Imagine a world where the buildings around us not only stand tall but also help clean the air. Researchers at Northwestern University are making this vision a reality with their groundbreaking work on carbon-negative building materials. By creatively using seawater, electricity, and carbon dioxide, they’ve developed materials that capture carbon and can be used in construction. Think concrete, cement, plaster, and even paint.
This innovation is a big step forward in tackling the challenge of storing carbon while also producing hydrogen gas, a clean fuel with many uses. Led by Alessandro Rotta Loria, the team’s study builds on past efforts to store CO2 in concrete. They’ve come up with a unique way to electrify seawater, making it possible to cement marine soils. “We’ve developed a new method that lets us use seawater to create carbon-negative building materials,” Rotta Loria explains.

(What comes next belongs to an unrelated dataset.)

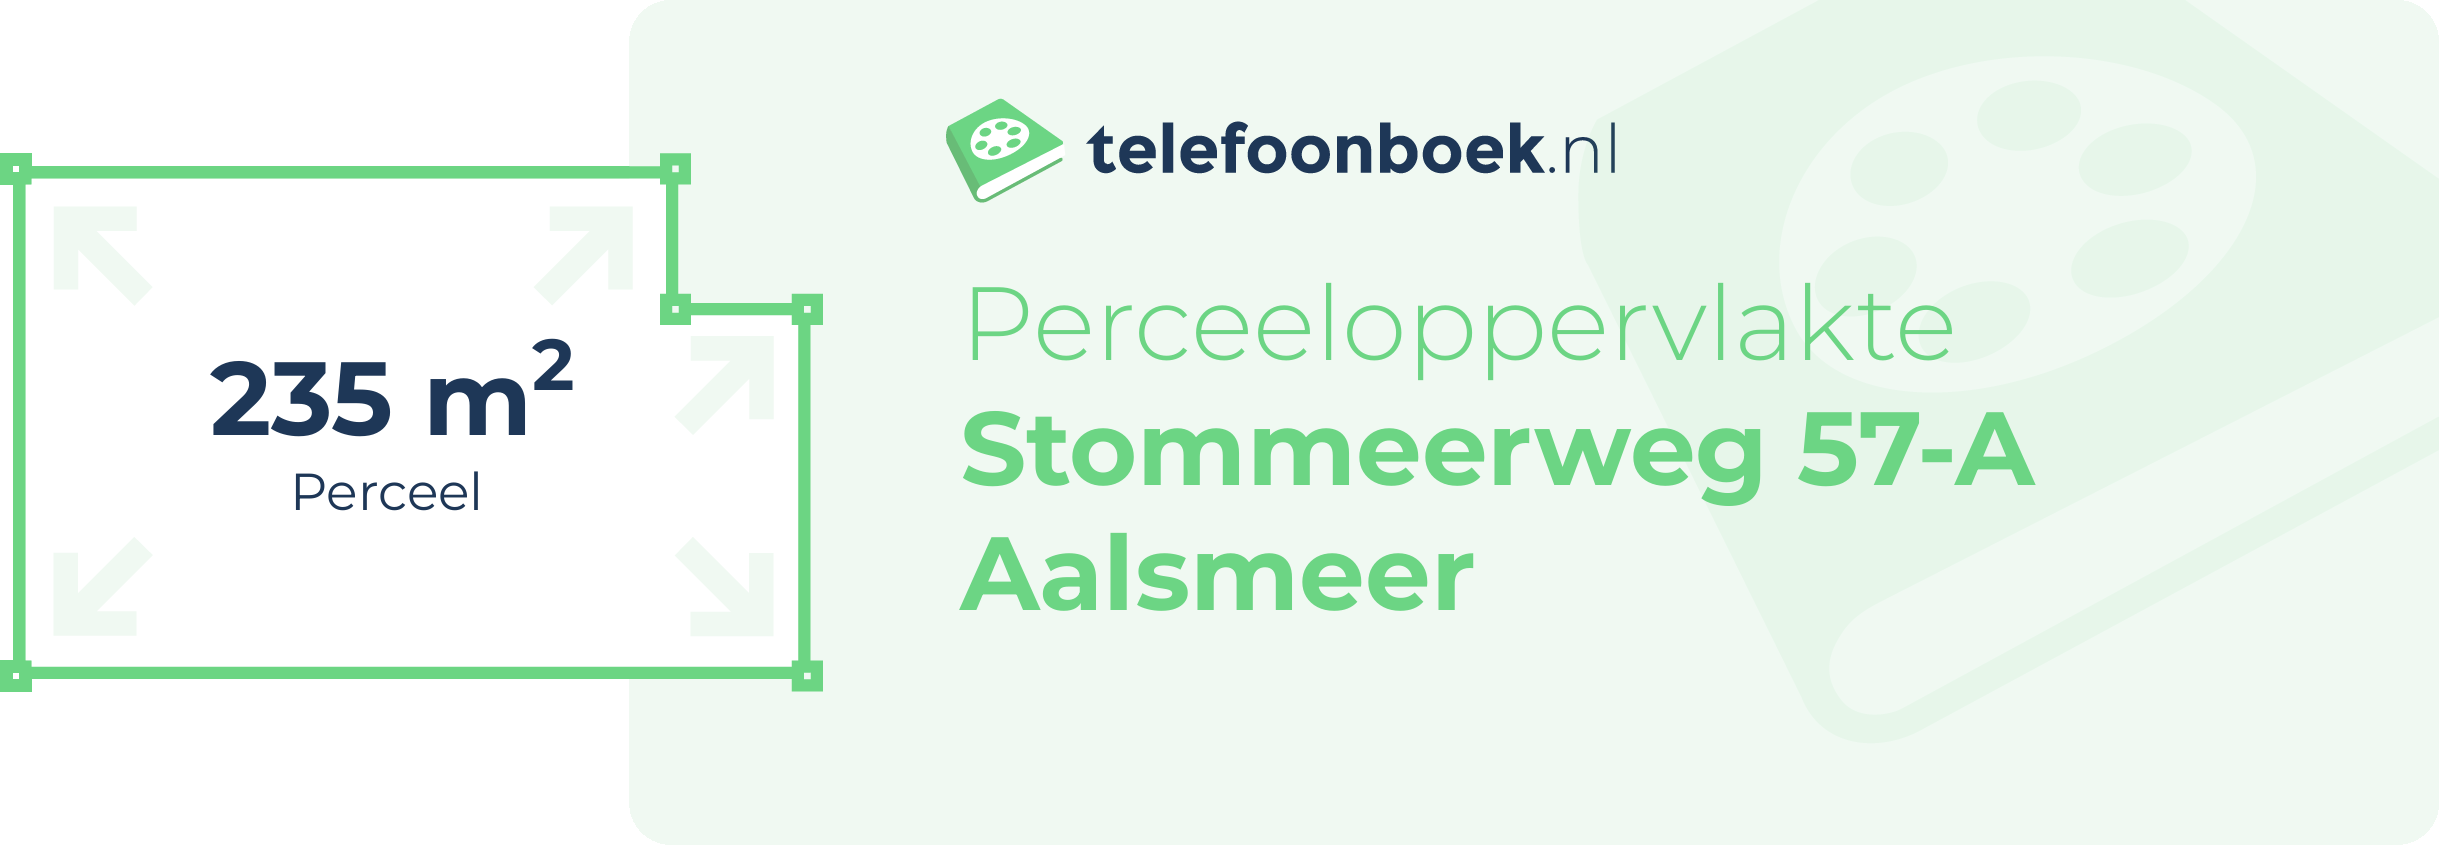 Perceeloppervlakte Stommeerweg 57-A Aalsmeer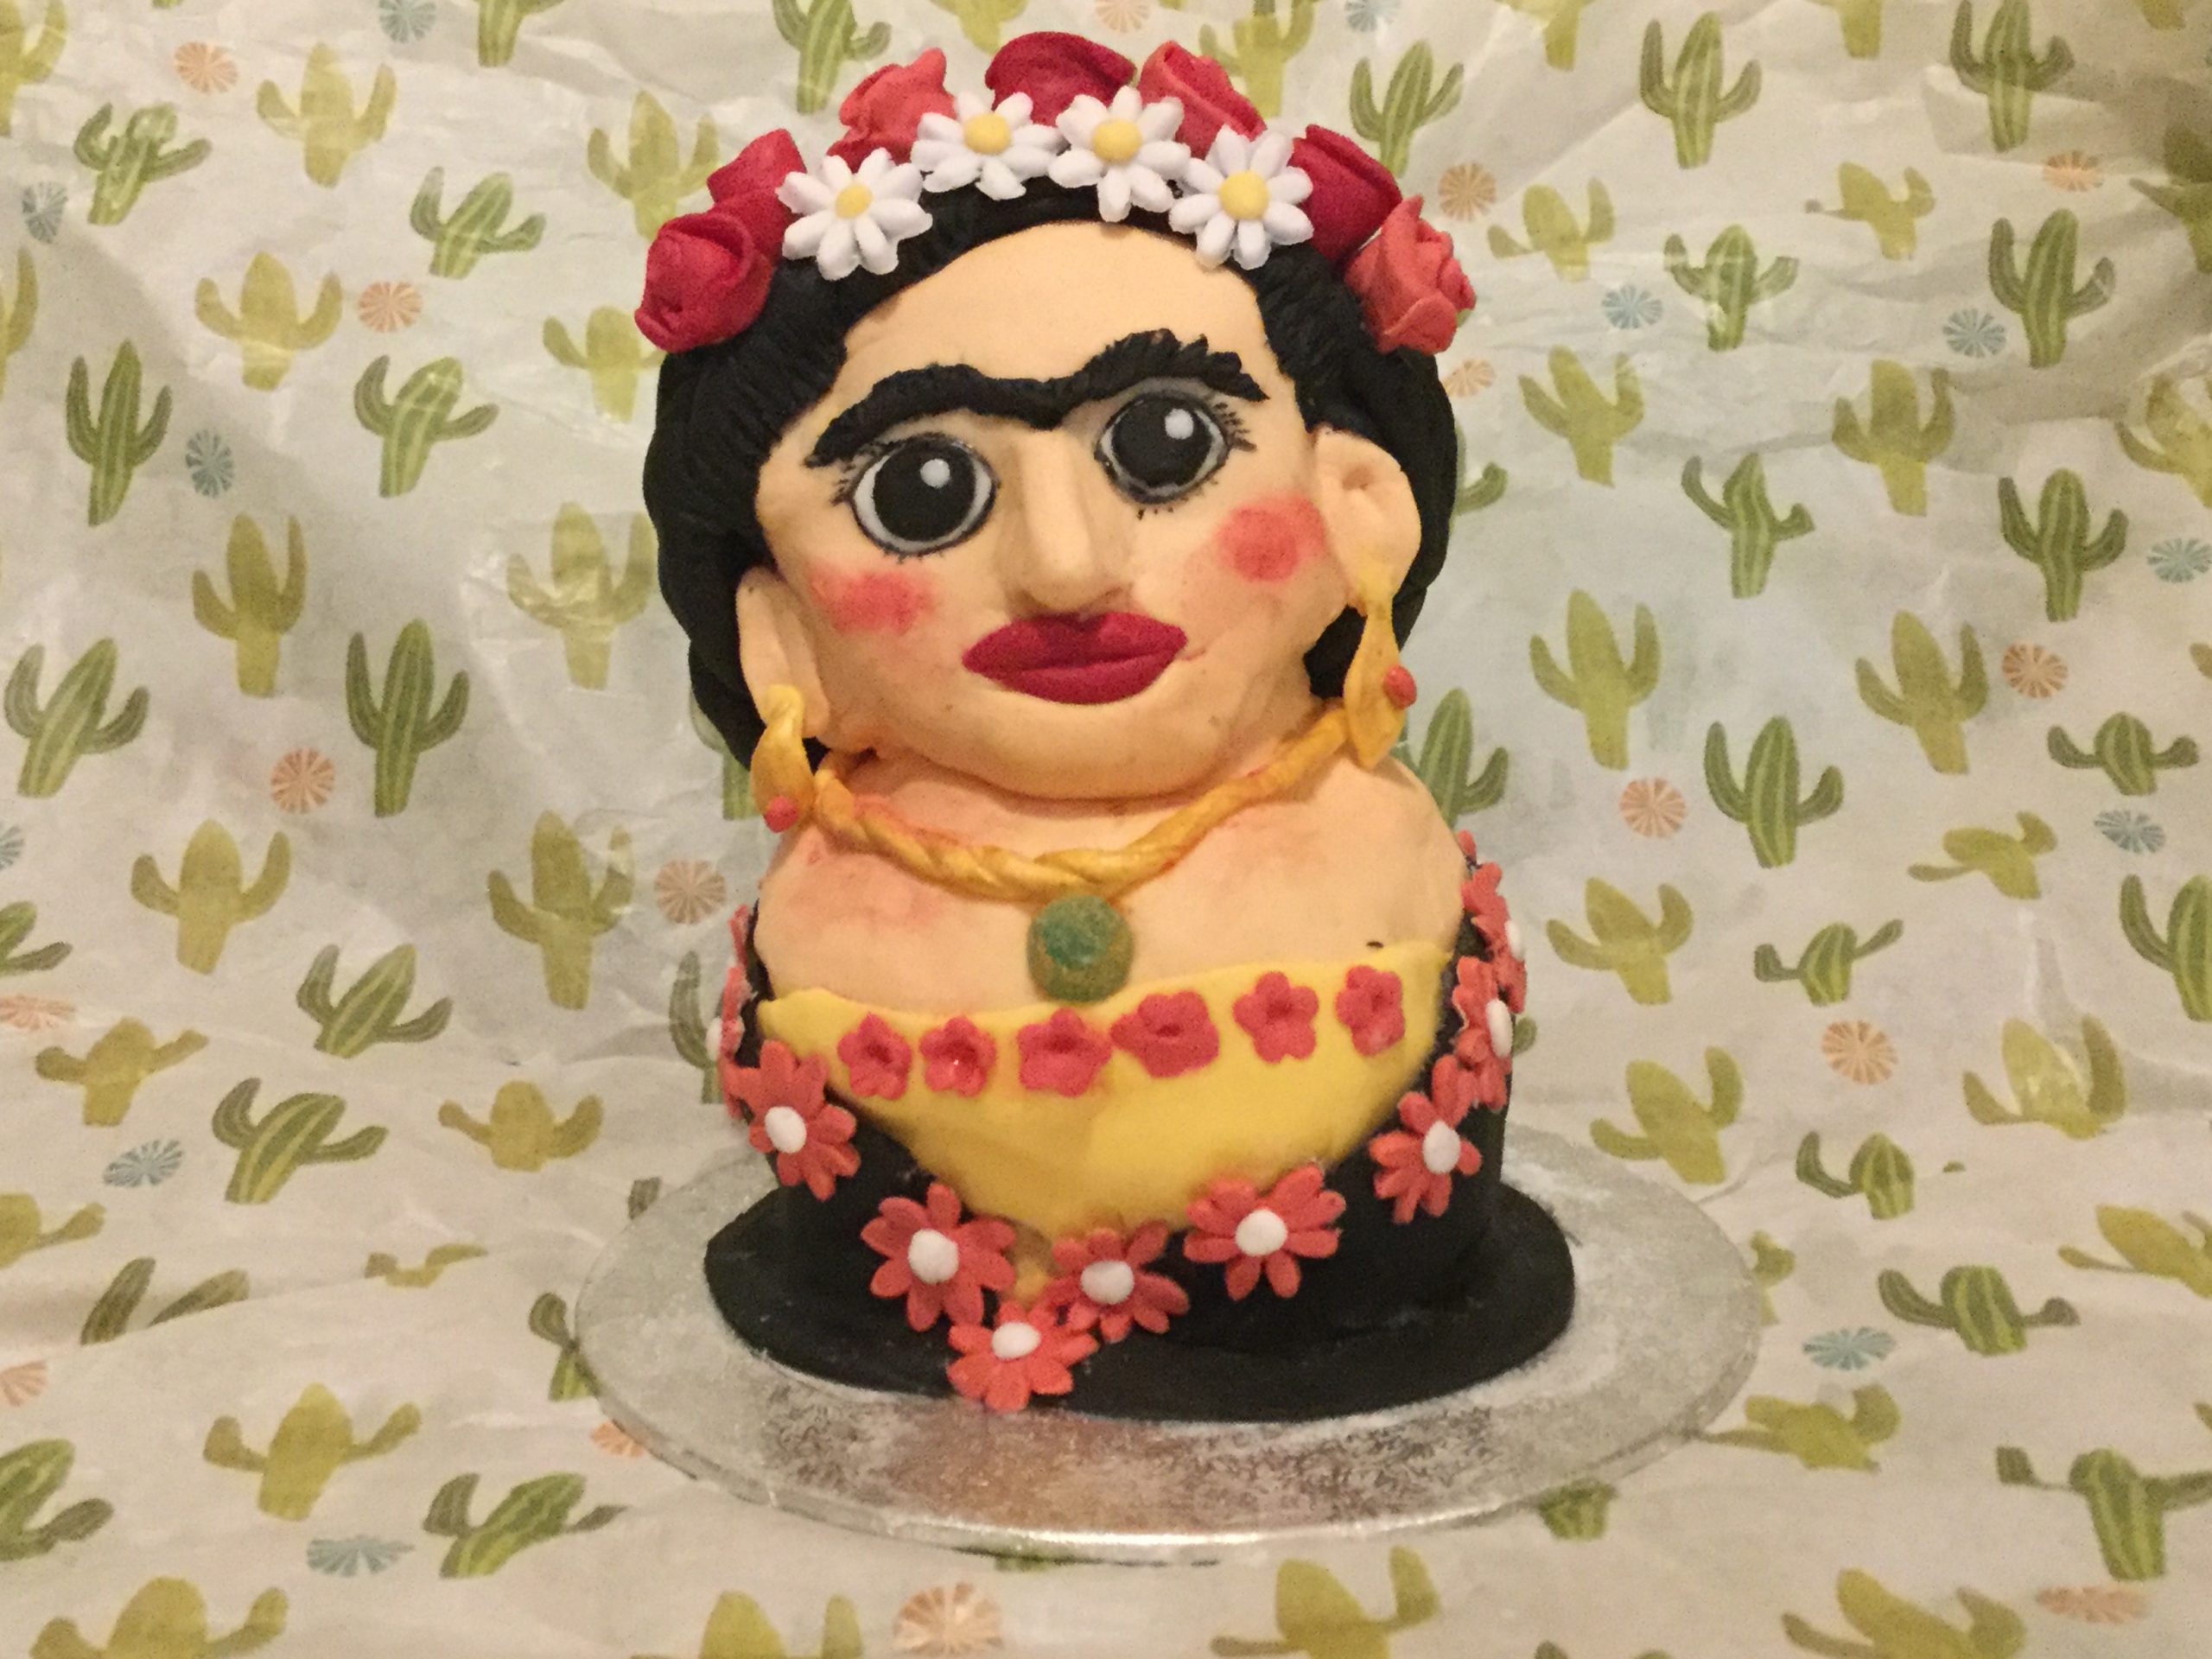 Frida Kahlo cake - The Great British Bake Off | The Great British Bake Off

Traditionally, sand for construction is mined from natural sources. But this new process offers a fresh solution: growing sand-like materials right from seawater using electricity and CO2. It’s a fascinating approach that could change how we think about building materials.
Here’s how it works: Electrodes are placed in seawater, and an electric current is applied. This splits water molecules into hydrogen gas and hydroxide ions. When CO2 is bubbled through the seawater, the water’s chemistry changes, increasing bicarbonate ions. These ions then react with calcium and magnesium in the water to form solid minerals like calcium carbonate and magnesium hydroxide. These minerals are excellent carbon sinks, trapping CO2 effectively.

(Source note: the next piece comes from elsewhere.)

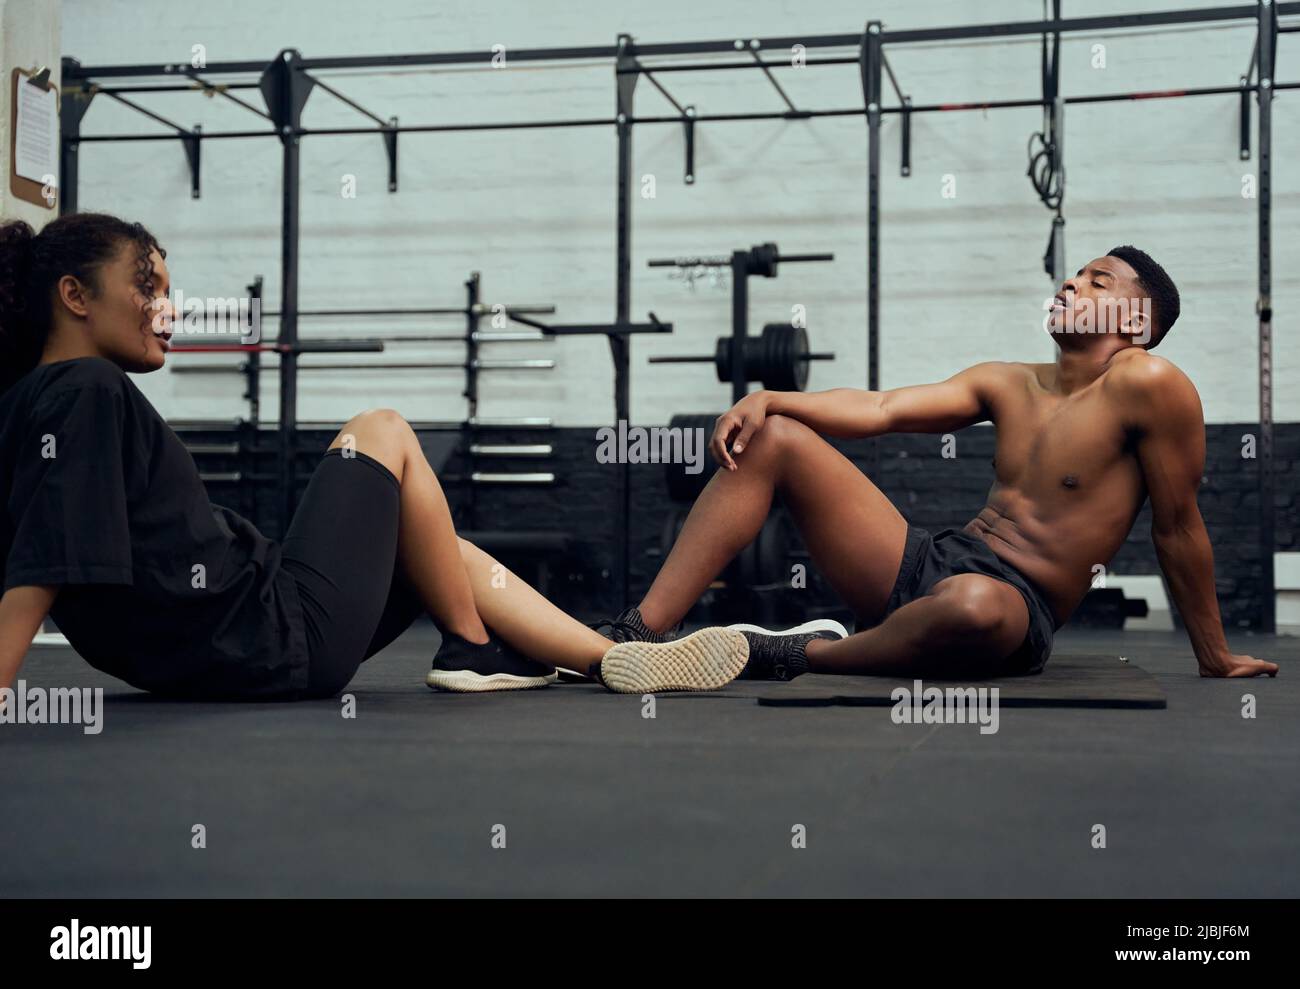 Amis de course mixtes en forme de croix dans la salle de sport. Afro-américain homme et femme se reposant sur le sol après l'exercice. Photo de haute qualité Banque D'Images

Through their experiments, researchers found they could tweak the material’s properties by adjusting factors like electrical voltage, CO2 injection timing, and seawater recirculation. The resulting materials vary in density and porosity, making them suitable alternatives to sand and gravel in concrete.
Amazingly, these materials can hold over half their weight in CO2. For example, a mix of equal parts calcium carbonate and magnesium hydroxide can store more than half a tonne of CO2 per metric tonne of material. And the best part? Using these materials doesn’t weaken the concrete or cement.

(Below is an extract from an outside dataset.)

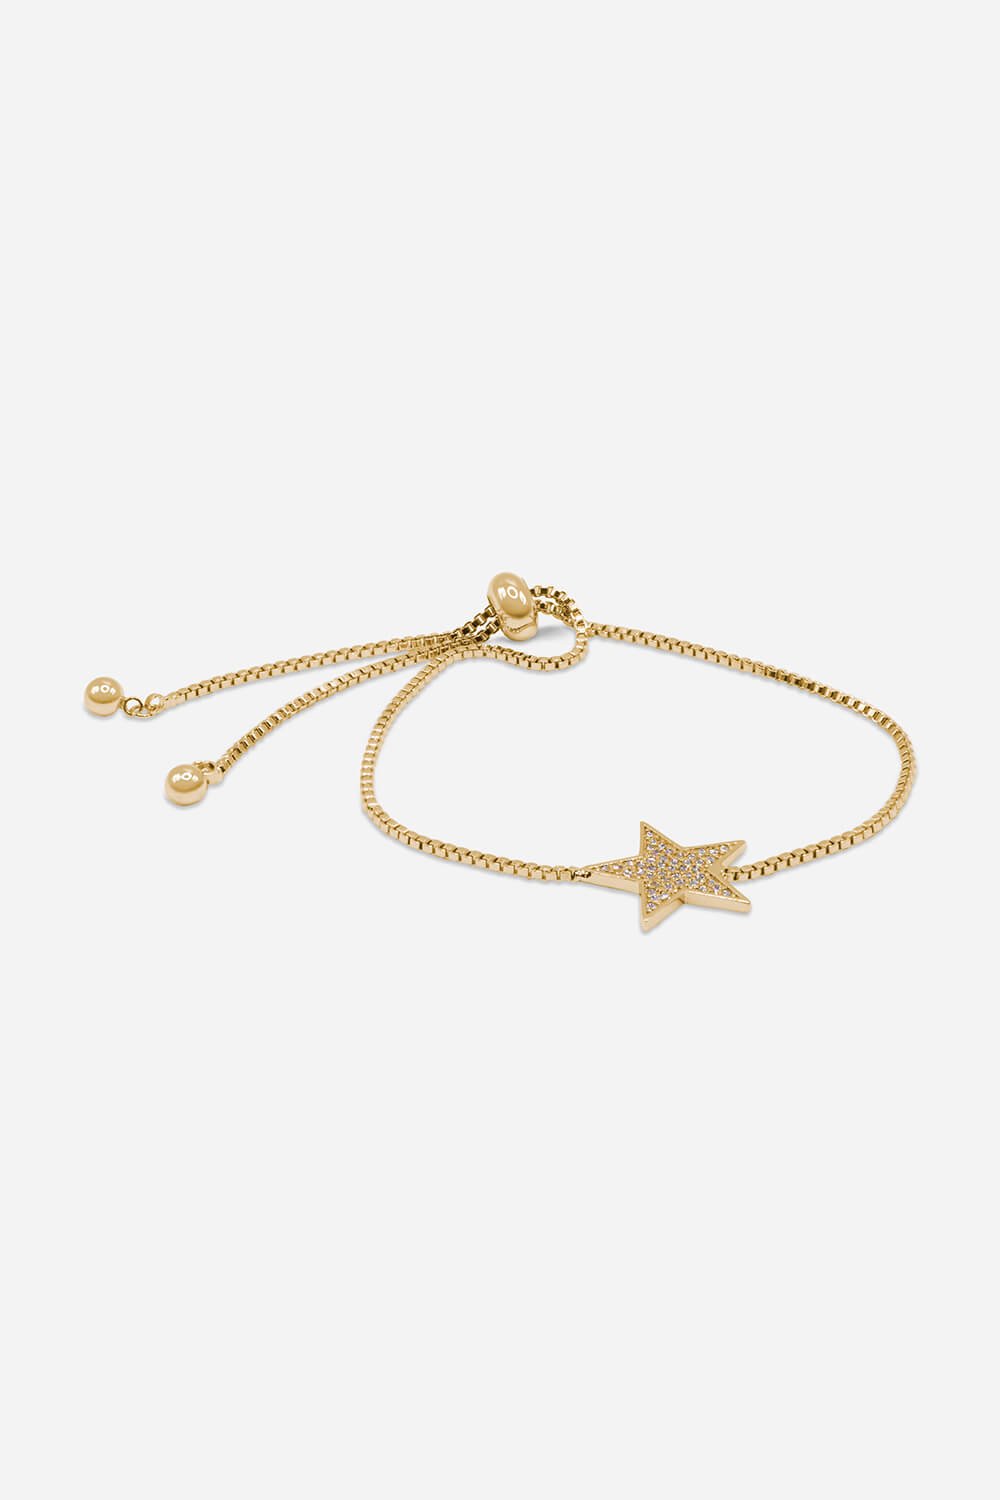 Gold Adjustable Star Friendship Bracelet, Image 2 of 2

Rotta Loria points out that this method allows precise control over the chemistry of water sources and effluent, ensuring environmental safety before returning treated water to the sea. “We could create a circular system where we sequester CO2 right at the source,” he envisions. Imagine shoreline-based concrete plants using nearby ocean water in reactors to turn CO2 into useful building materials.
This exciting development not only helps address climate change but also opens up new possibilities for sustainable construction. It’s a win-win for the environment and the building industry.